[[ Data, beginning ]]

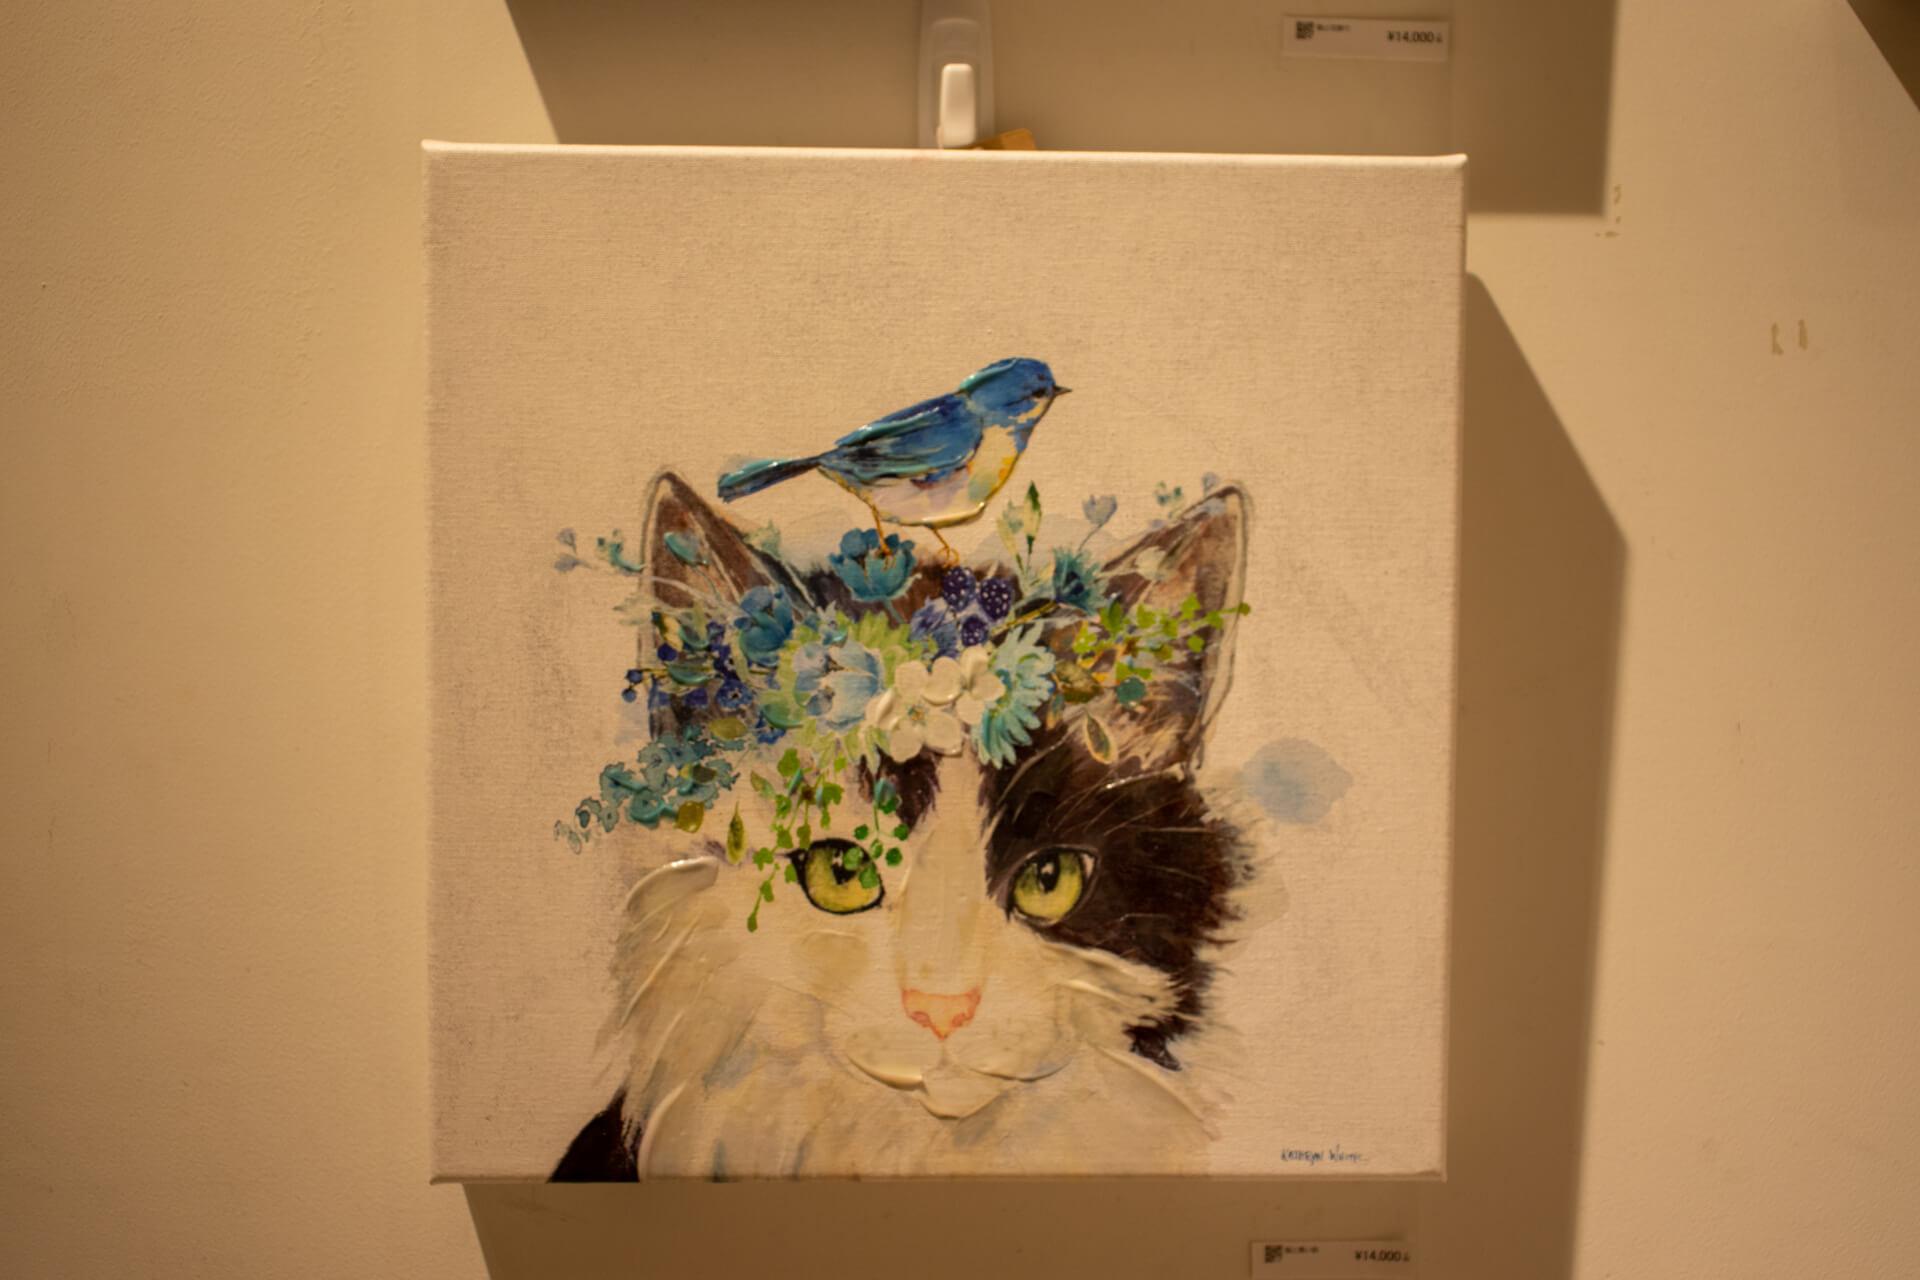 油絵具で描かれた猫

[[ Data, end ]]
[[ Data, beginning ]]

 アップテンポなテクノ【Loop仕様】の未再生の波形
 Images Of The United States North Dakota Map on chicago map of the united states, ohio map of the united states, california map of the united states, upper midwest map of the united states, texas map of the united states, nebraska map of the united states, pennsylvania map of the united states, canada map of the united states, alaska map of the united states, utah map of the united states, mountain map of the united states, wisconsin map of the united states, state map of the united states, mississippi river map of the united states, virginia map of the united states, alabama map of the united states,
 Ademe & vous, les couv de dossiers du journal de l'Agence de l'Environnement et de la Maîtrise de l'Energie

[[ Data, end ]]

Problem details ▸ Out of the listing above, reproduce exactly the lines from the one with "アップテンポなテクノ【Loop仕様】の未再生の波形" up to and including the one with "Ademe & vous, les".

Response area ▸
 アップテンポなテクノ【Loop仕様】の未再生の波形
 Images Of The United States North Dakota Map on chicago map of the united states, ohio map of the united states, california map of the united states, upper midwest map of the united states, texas map of the united states, nebraska map of the united states, pennsylvania map of the united states, canada map of the united states, alaska map of the united states, utah map of the united states, mountain map of the united states, wisconsin map of the united states, state map of the united states, mississippi river map of the united states, virginia map of the united states, alabama map of the united states,
 Ademe & vous, les couv de dossiers du journal de l'Agence de l'Environnement et de la Maîtrise de l'Energie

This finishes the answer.